For DRAM chips, advanced processes mean high energy efficiency, high capacity, and a better end-user experience. In terms of chip process technology, the current description of DRAM is different from before. Because the circuit structure is three-dimensional, linear measurement methods are no longer applicable. Instead of the previous nanometer scale, terms such as 1X, 1Y, 1Z, 1α, 1β, and 1γ have emerged to express the process.

Currently, DRAM advanced process technology has gone through four generations of 1x, 1y, 1z, and 1α. Samsung, SK Hynix, and Micron have entered the 1Xnm phase between 2016 and 2017, the 1Ynm phase between 2018 and 2019, and the 1Znm phase after 2020. The latest 1αnm is still in the 10+nm phase.

At present, major manufacturers are continuing to approach the 10nm scale.

SK Hynix: First to use HKMG process for LPDDR

On October 8, 2022, South Korea's SK Hynix took the lead and announced the start of sales of LPDDR5X (Low Power Double Data Rate 5X) mobile DRAM based on HKMG (High-K Metal Gate) technology.

Compared with the previous generation of chips, SK Hynix's new product is manufactured using the 1α process, with a 25% reduction in power consumption and a 33% increase in speed, achieving an operating speed of 8.5Gbps.
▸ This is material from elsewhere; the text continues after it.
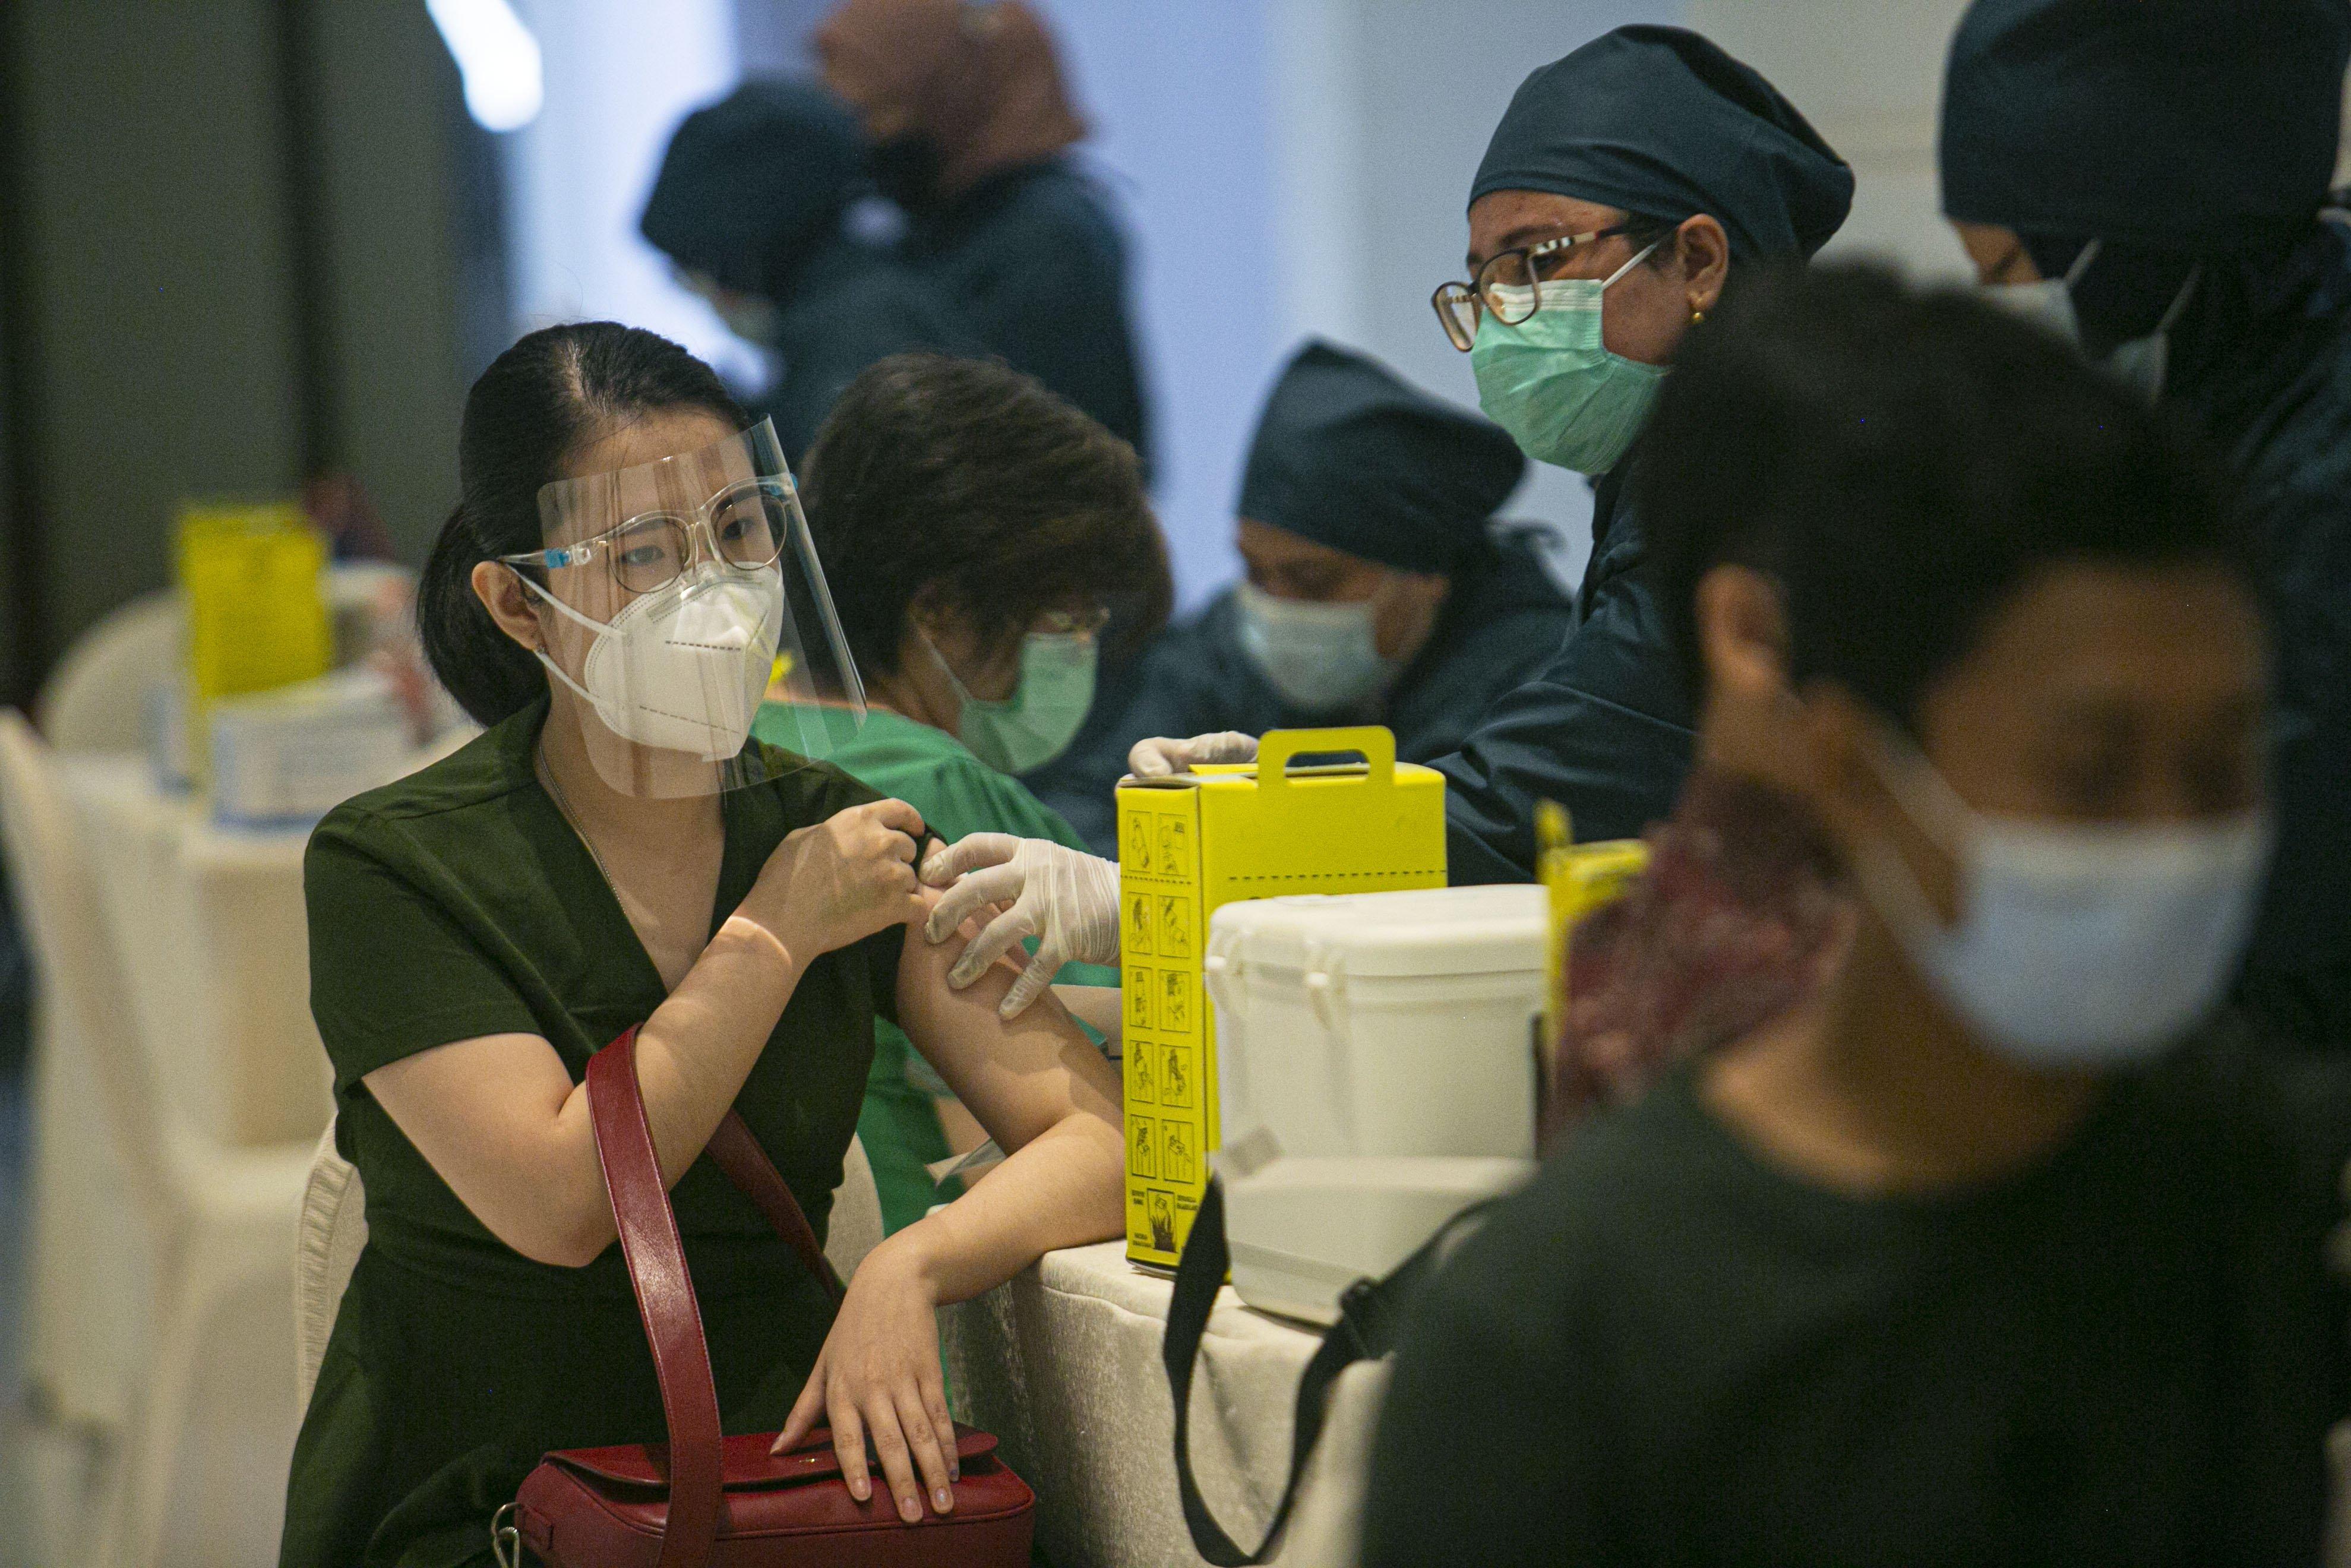 Petugas medis menyuntikan vaksin COVID-19 kepada pelaku UMKM di Ciputra Artpreneur, Jakarta, Kamis (1/4/2021). Kementerian Koperasi dan Usaha Kecil dan Menengah menyelenggarakan vaksinasi COVID-19 massal bagi 1.500 pelaku Usaha mikro kecil menengah (UMKM) di DKI Jakarta dengan target vaksinasi untuk pelaku UMKM tersebut mencapai 250.000 orang.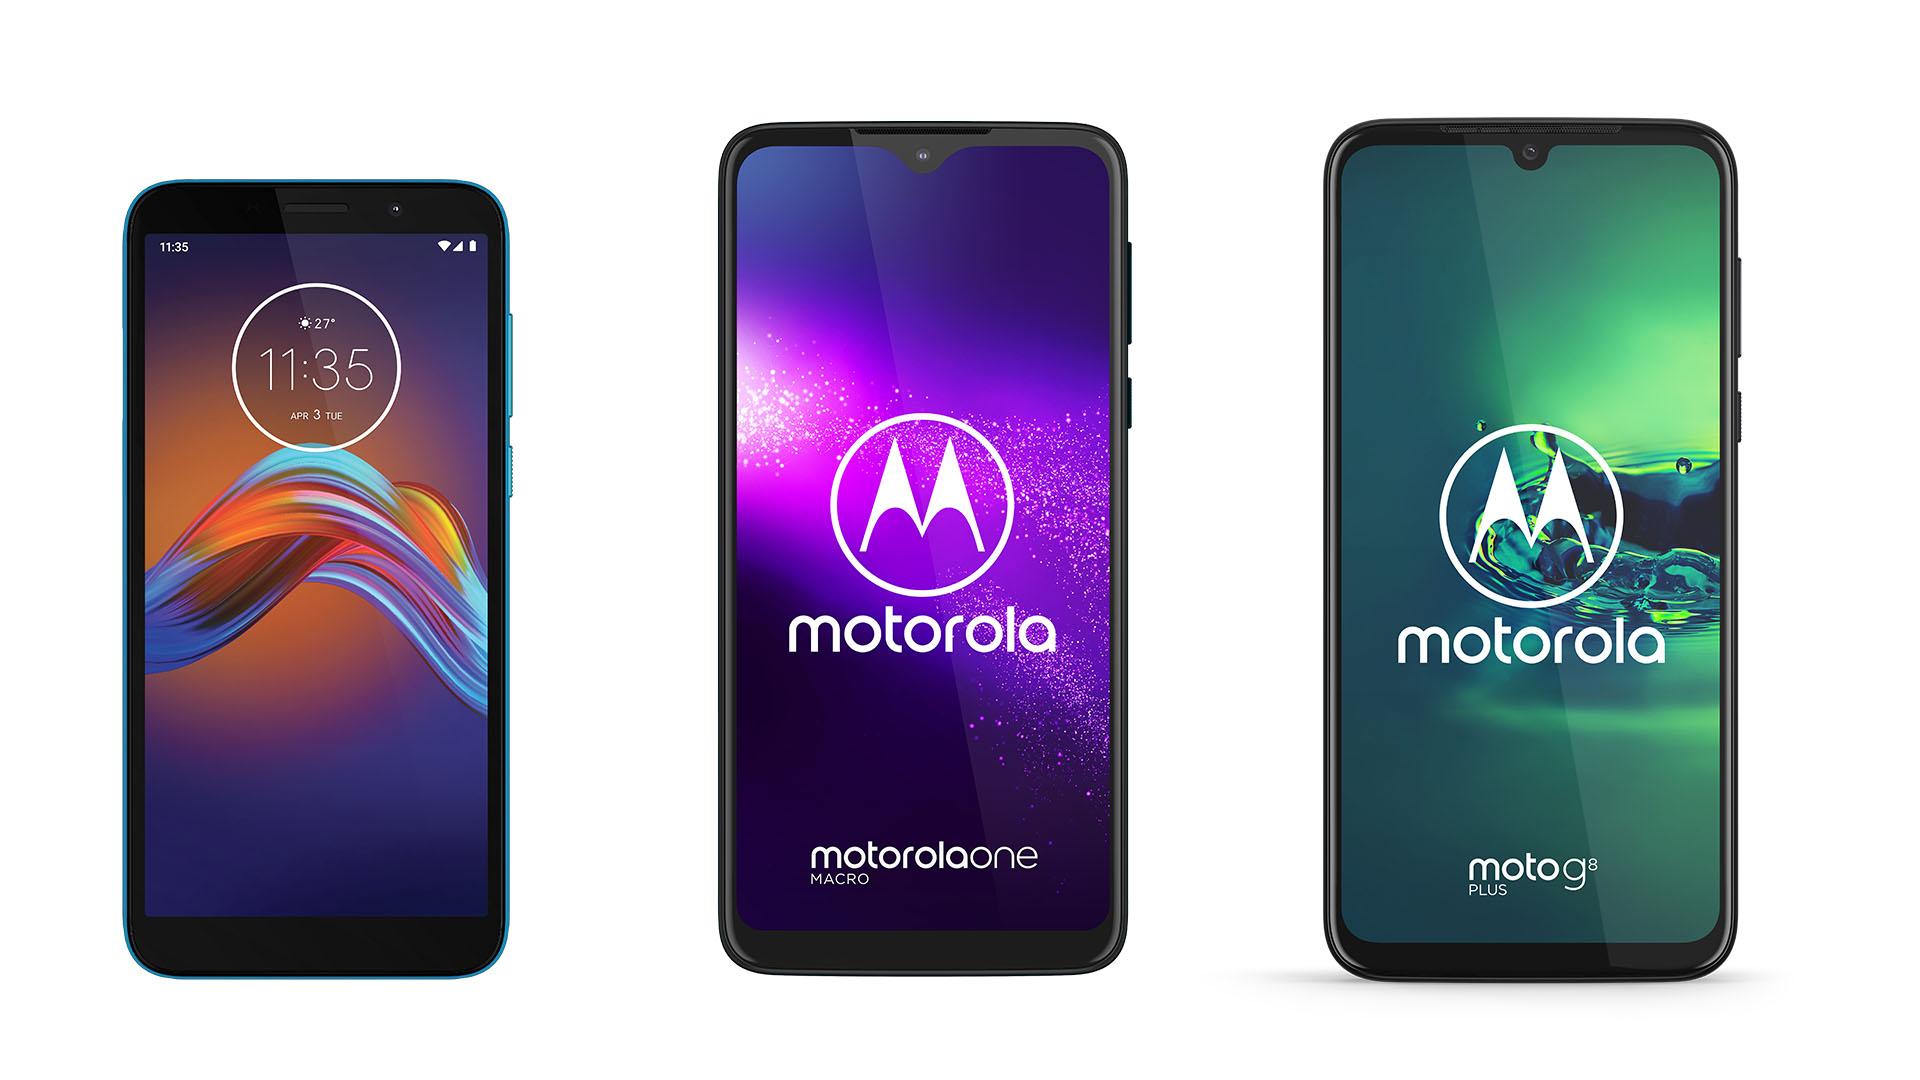 Motorola One Macro, Moto G8 Plus et Moto e6 Play officialisés : prix, caractéristiques et disponibilité

It operates within the ultra-low voltage range of 1.01V to 1.12V set by the JEDEC Solid State Technology Association, ensuring the achievement of the industry's highest low-power standard.

In the DRAM industry, SK Hynix is the first to use the HKMG process for mobile DRAM.

With HKMG, a thin layer of high-k film can replace the existing SiON gate oxide layer in the transistor gate, reducing leakage current and improving chip reliability.In addition, by reducing the gate thickness, transistor miniaturization can be achieved, and the speed characteristics of transistors based on polycrystalline silicon/SiON can be improved.

SK Hynix has utilized the HKMG process to enhance performance while reducing power consumption, achieving a dual benefit and realizing active scaling and high efficiency.

Furthermore, on October 23, 2022, SK Hynix ordered the next-generation extreme ultraviolet (EUV) lithography machine with a high numerical aperture (0.55) from the lithography giant ASML, preparing for a significant undertaking. The EUV lithography machine will bring a more simplified process flow, and costs will continue to decrease as the process is further perfected.

It should be noted that, despite the use of EUV lithography machines, the LPDDR5X mobile DRAM based on HKMG technology announced by SK Hynix still belongs to the 1α node.

Samsung Electronics: Industry's fastest speed verified by Qualcomm

Following closely, on October 18, Samsung Electronics announced that its latest LPDDR5X DRAM, in cooperation with Qualcomm, has been verified at an industry-leading speed of 8.5Gbps.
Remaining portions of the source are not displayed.